Nelson Nikodemus Simamora, salah satu kuasa hukum para terdakwa Tahanan Politik Papua, melakukan protes terhadap terhadap majelis karena kesempatan yang diberikan kepada kuasa hukum untuk menghadirkan saksi meringankan maupun ahli untuk membuktikan fakta hukum dirasakan tidak adil dan tidak seimbang antara kesempatan jaksa penuntut umum dengan terdakwa yang diwakili oleh kuasa hukum. Jaksa penuntut umum diberikan kesempatan sebanyak 7 kali selama 6 minggu untuk menghadirkan saksi maupun ahli, sedangkan kuasa hukum hanya diberikan kesempatan 3 kali dalam waktu 2 minggu saja. Hal ini jelas merugikan hak terdakwa untuk mengusahakan dan mengajukan saksi-saksi dan atau seseorang yang memiliki keahlian khusus guna memberikan keterangan yang menguntungkan bagi dirinya sebagaimana Pasal 65 Kitab Undang-Undang Hukum Acara Pidana (KUHAP), tegas Nelson.

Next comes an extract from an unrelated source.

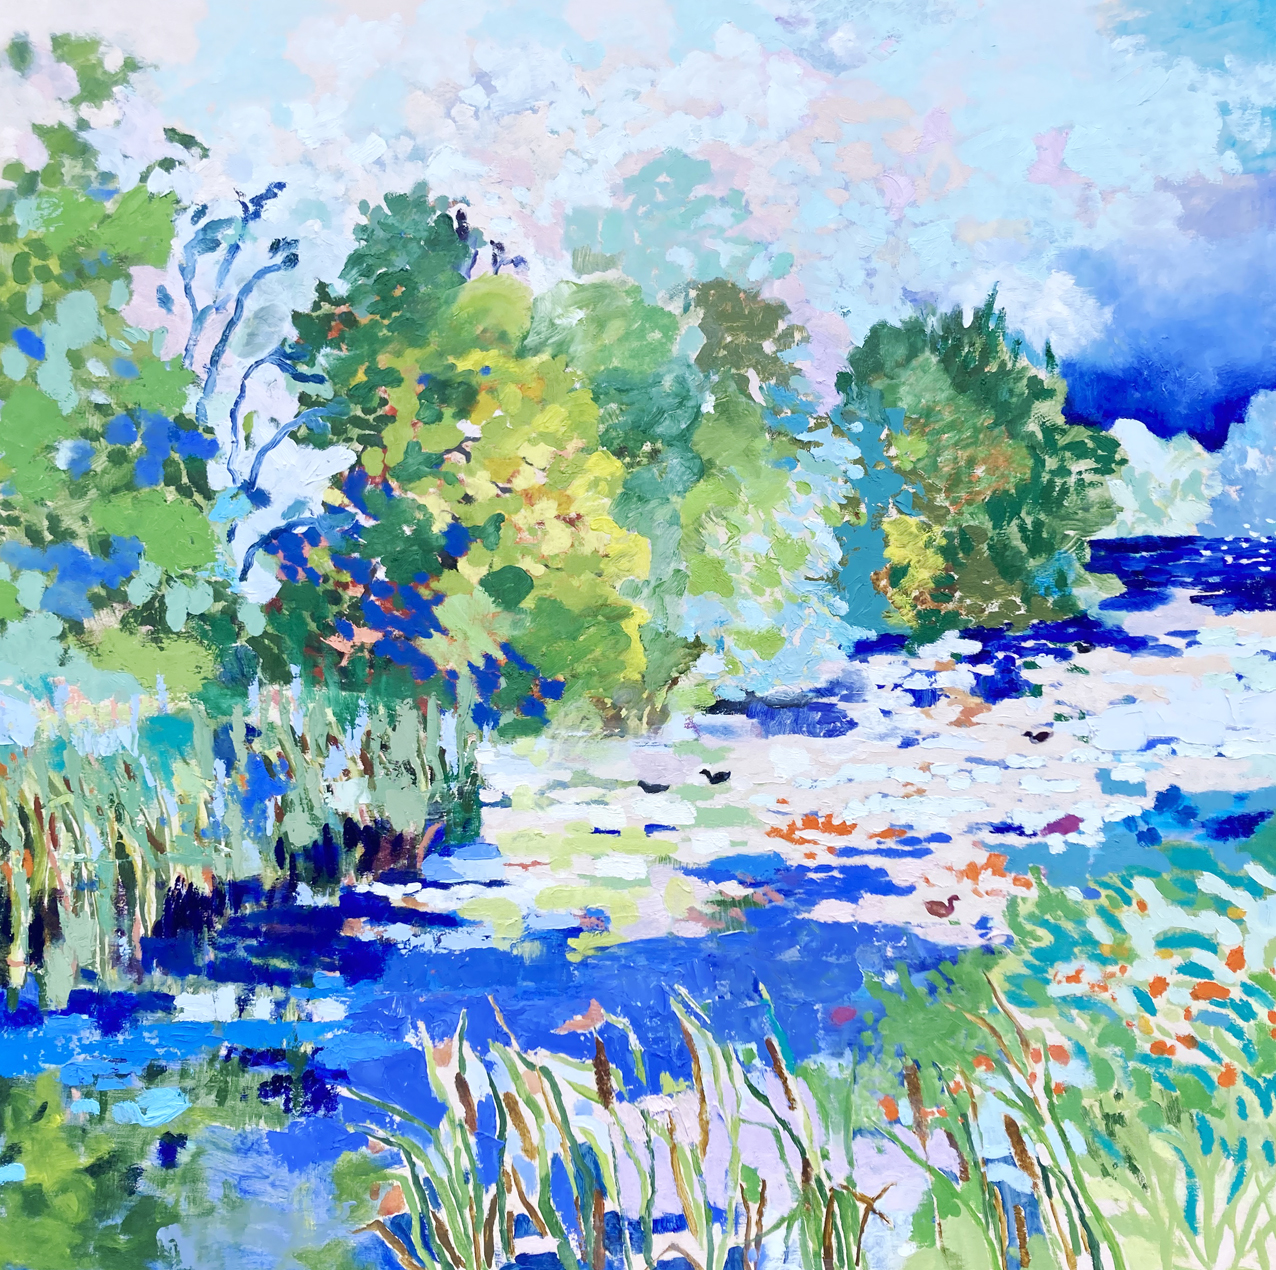 The River at Kedleston Park. Oil on canvas. 100 x 100cm.

Akhirnya, pada sidang Jumat (3/4) disepakati sidang akan dilanjutkan pada hari Senin, 13 April 2020 dengan agenda pembacaan pledoi/pembelaan dari penasihat hukum terdakwa. Serta pembacaan keterangan ahli dari penasihat hukum terdakwa diberikan kesempatan pada saat pengajuan duplik secara tertulis.

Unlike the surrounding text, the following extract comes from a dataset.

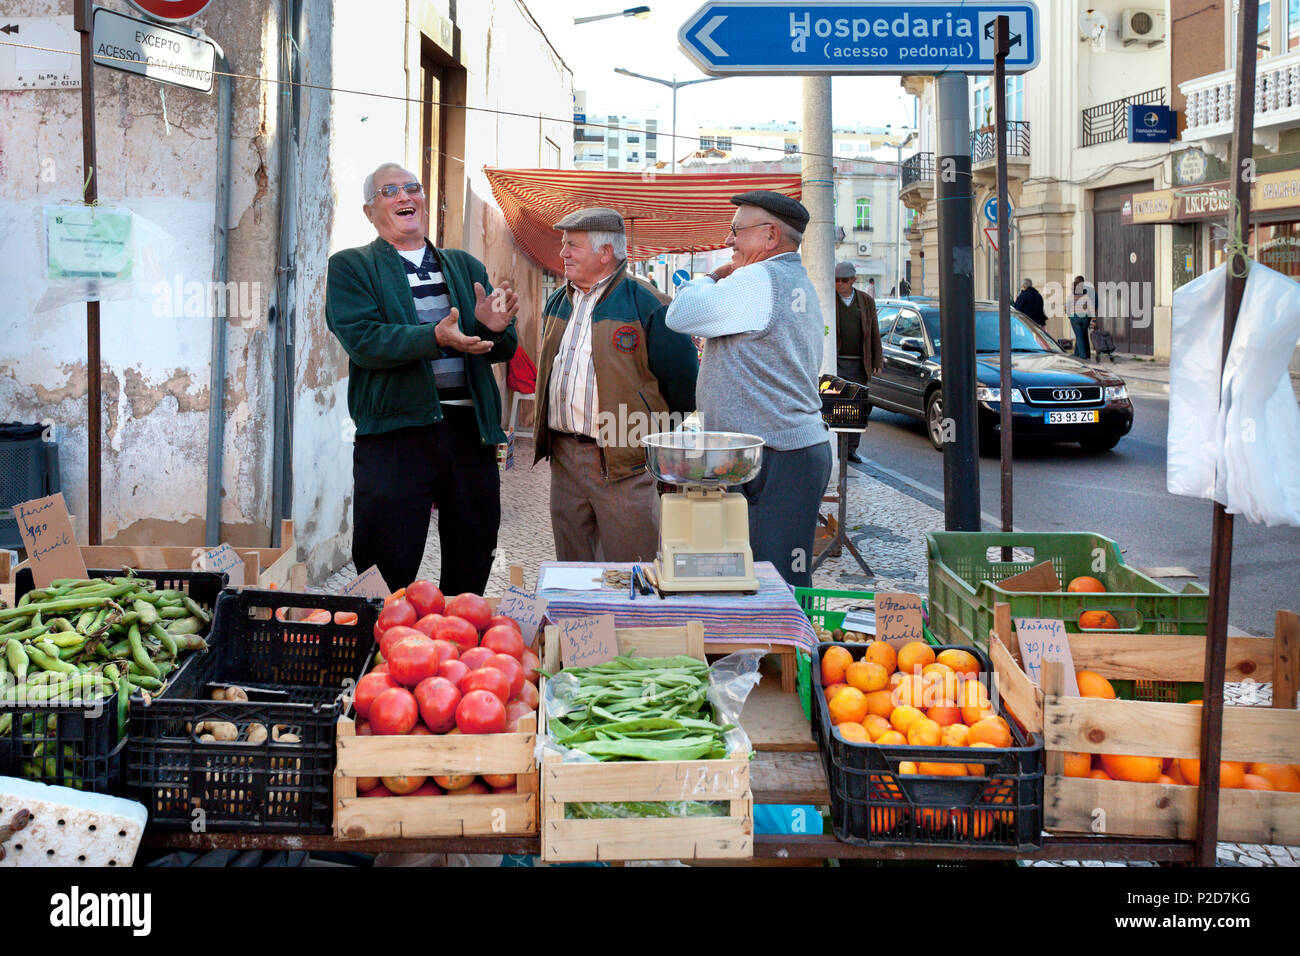 Vegetable stall, Market, Loule, Algarve, Portugal Stock Photo

Untuk informasi, ke-6 aktivis tahanan politik Papua, yaitu Paulus Suryanta Ginting, Charles Kossay, Dano Tabuni, Isay Wenda, Ambrosius Mulait dan Arina Elopere, ditangkap dan ditetapkan sebagai tersangka pada 30-31 Agustus 2019 dengan tuduhan makar dan didakwa Pasal 106 jo. Pasal 55 ayat (1) ke-1 Kitab Undang-Undang Hukum Pidana (KUHP) atau Pasal 110 ayat 1 KUHP karena menyampaikan pendapat di muka umum atau unjuk rasa pada tanggal 28 Agustus 2019 di seberang istana negara. Unjuk rasa tersebut mengusung tema “Mahasiswa Anti Rasisme, Kapitalisme, Kolonialisme, dan Militarisme Menolak segala bentuk Diskriminasi terhadap Orang Papua”, yang sejatinya dilatarbelakangi ucapan rasis terhadap mahasiswa Papua di Surabaya, Jawa Timur.